Skip Subsection TSS and Subsection SC.

For future use, I will record the notation for the three properties used in Theorem TSS. We will use this notation in the homework and on quizzes and exams.

Definition 7.1: The three properties used to determine when a subset $W$ of a vector space $V$ is a subspace:

Property Z (Zero Vector): The zero vector in $V$ must be in $W$. For $\vec{0} \in V$, we have $\vec{0} \in W$.
Property AC (Additive Closure): If $u, v \in W$, then $u+v \in W$.
Property SC (Scalar Closure): If $\alpha \in \mathbb{R}$ and $u \in W$, then $\alpha \cdot u \in W$.

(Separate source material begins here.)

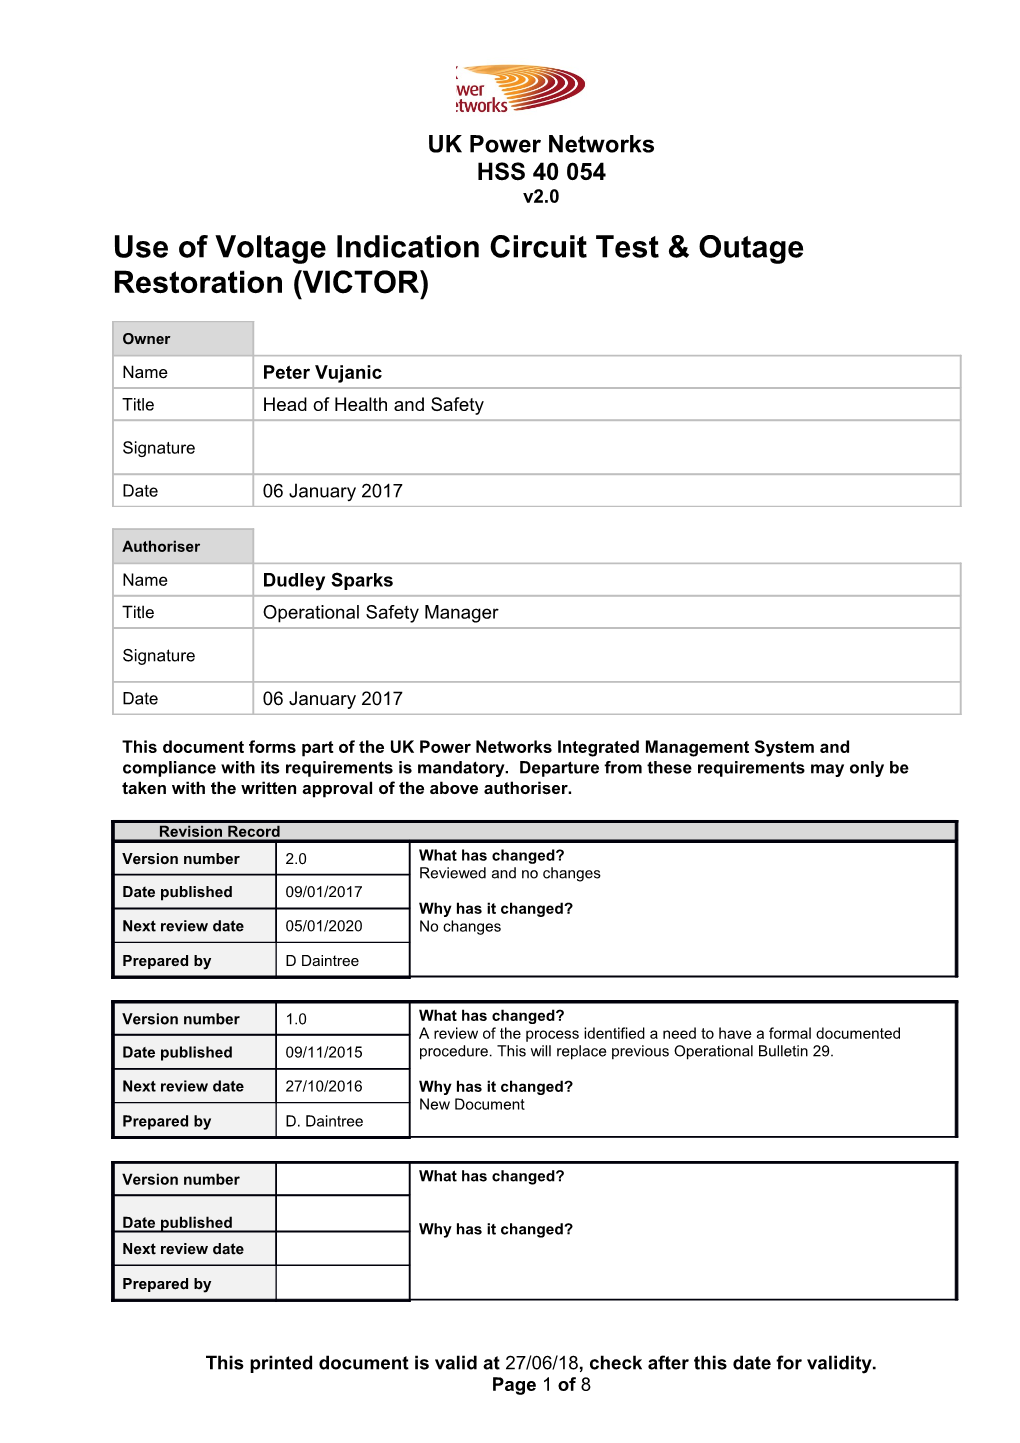 HSS 40 054 Use of Voltage Indication Circuit Test & Outage Restoration (VICTOR)

On a quiz or exam, I may ask you to prove or disprove that a subset of a vector space has one of these three properties. For example, I may ask

Question 1:

Is $V = \left\{ [x,y] \in \mathbb{R}^2 \, \middle\vert \, y=5x \right\} \subset \mathbb{R}^2$ a subspace of $\mathbb{R}^2$? Prove or disprove Property AC.

Question 2:

Is $W = \left\{ [x,y] \in \mathbb{R}^2 \, \middle\vert \, x^2=y^2 \right\} \subset \mathbb{R}^2$ a subspace of $\mathbb{R}^2$? Prove or disprove Property AC.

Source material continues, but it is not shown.